Когда он вспоминал, как много среди его родных и родных Людмилы репрессированных, высланных, он успокаивал себя мыслью: «Но если там спросят, я скажу – не только такие вокруг меня, вот Крымов – близкий мне человек, известный коммунист, старый член партии, подпольщик».
Вот тебе и Крымов! Начнут его там спрашивать, он и вспомнит все еретические разговоры Штрума. Впрочем, Крымов не такой уж близкий ему человек, – ведь Женя развелась с ним. Да и не было с ним столь уж опасных разговоров, – ведь до войны у Штрума не возникали особо острые сомнения. Ох, вот Мадьярова если там спросят!
Десятки, сотни усилий, давлений, толчков, ударов сливались в равнодействующую, она, казалось, сгибала ребра, расшивала черепные кости.
Бессмысленны слова доктора Штокмана, – силен тот, кто одинок… Где уж там силен! Воровски оглядываясь, с жалкими, местечковыми ужимками он стал торопливо повязывать галстук, перекладывать бумаги в карманы нового, парадного пиджака, надел новые желтые полуботинки.
В тот момент, когда он стоял одетый возле стола, в комнату заглянула Людмила Николаевна.
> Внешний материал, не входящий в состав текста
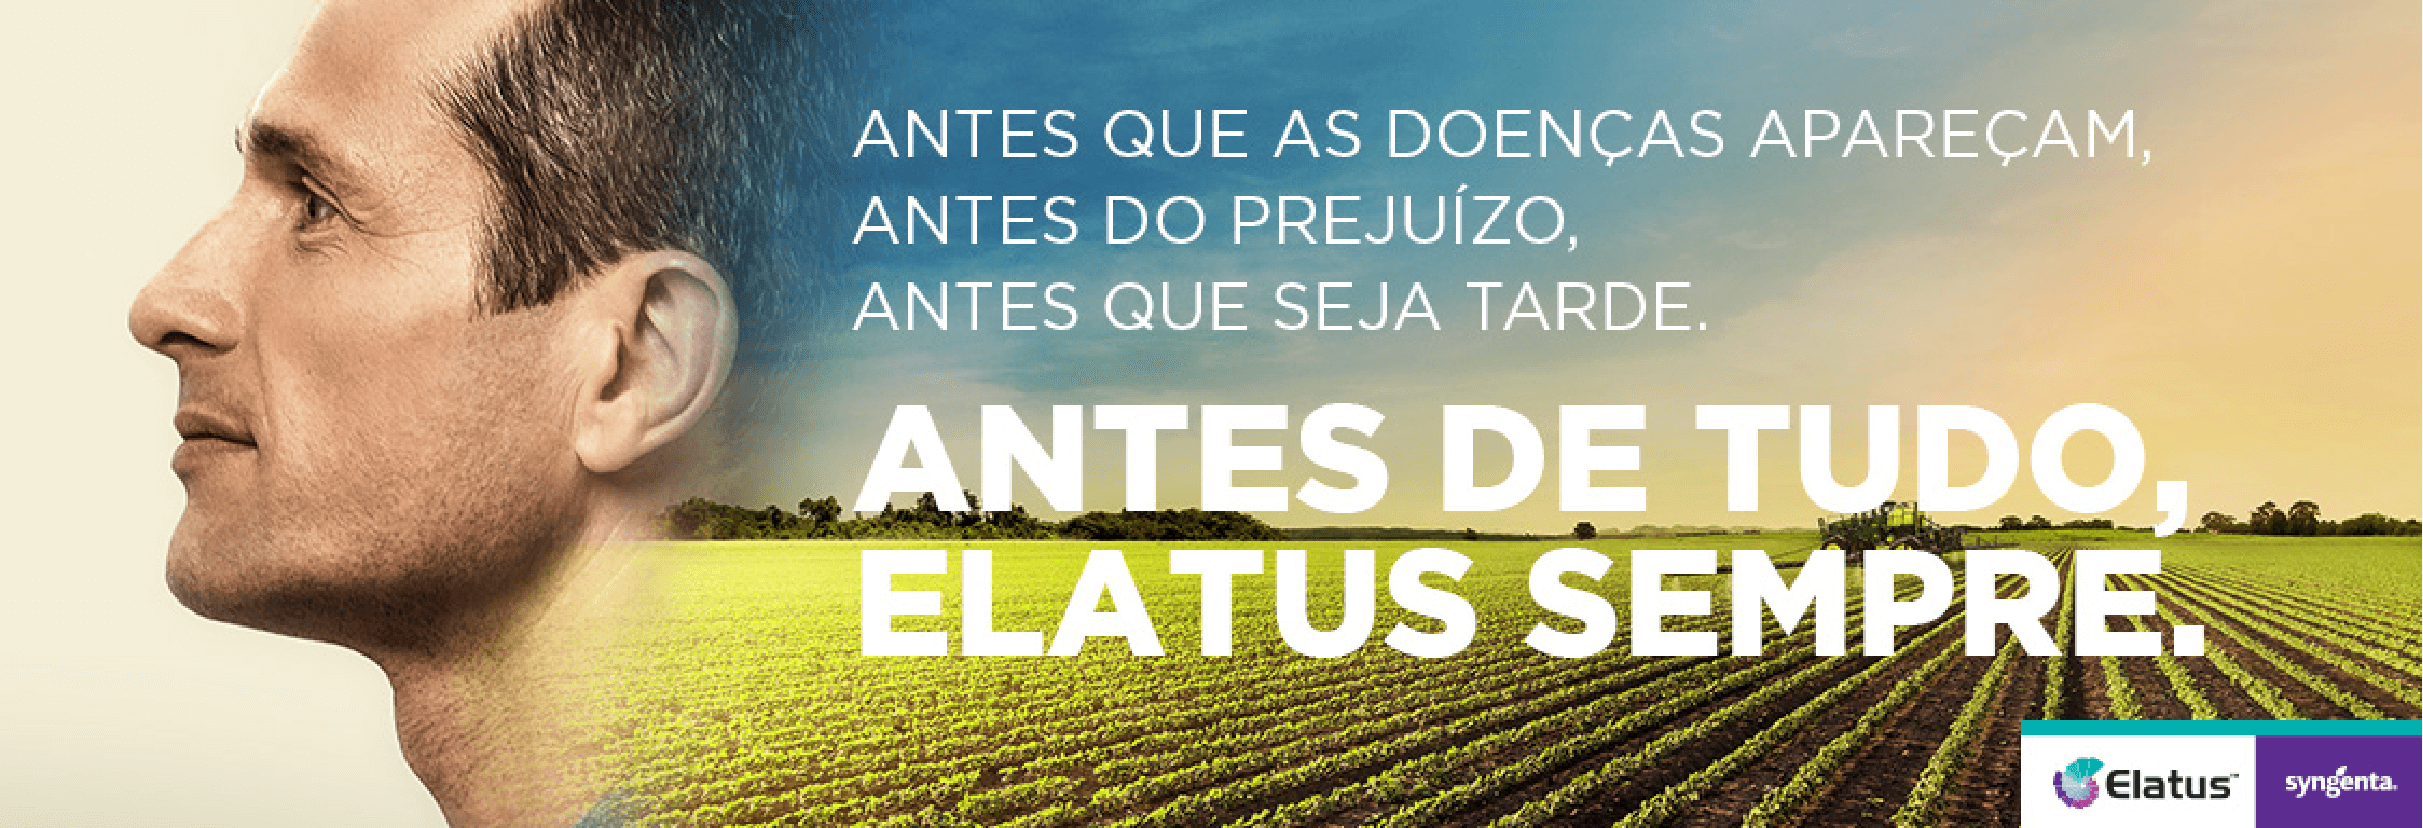 Antes de tudo, Elatus sempre
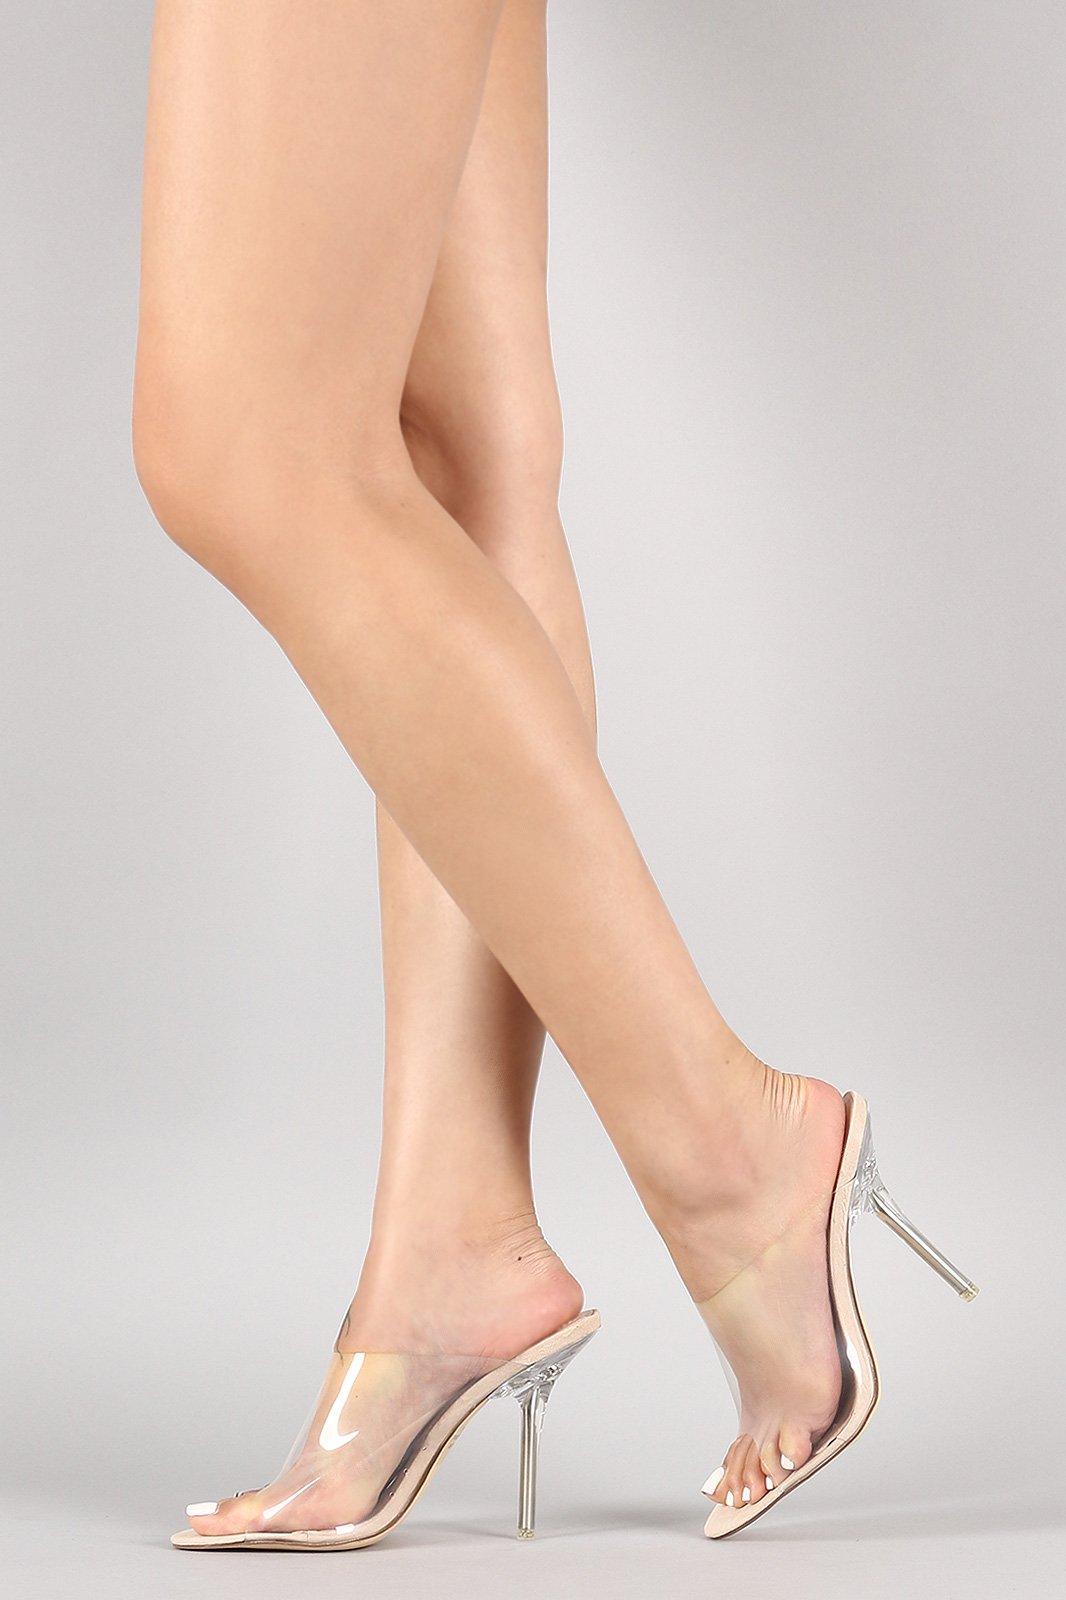 1fa2c07da Transparent Open Toe Stiletto Mule Heel | Outfits in 2019 | Heels ...

Она молча подошла к нему, поцеловала, вышла из комнаты.
Нет, он не станет читать своего казенного покаяния! Он скажет правду, идущую от сердца: товарищи, друзья мои, я с болью слушал вас, с болью думал, как могло случиться, что в счастливые дни завоеванного в муках сталинградского перелома я оказался один, слушаю гневные упреки своих товарищей, братьев, друзей… я клянусь вам – весь мозг, всю кровь, силы… Да, да, да, он теперь знал, что скажет… Скорей, скорей, он поспеет еще… Товарищи… Товарищ Сталин, я жил неверно, надо было дойти до края бездны, чтобы увидеть во всей глубине свои ошибки. То, что он скажет, будет идти из самой глубины души! Товарищи, мой сын погиб под Сталинградом…
Он пошел к двери.
Именно в эту последнюю минуту все окончательно решилось, и осталось только поскорей доехать до института, оставить в раздевалке пальто, войти в зал, услышать взволнованный шепот десятков людей, оглядеть знакомые лица, проговорить: «Я прошу слова, мне хочется сказать товарищам о том, что я думал и чувствовал в эти дни…»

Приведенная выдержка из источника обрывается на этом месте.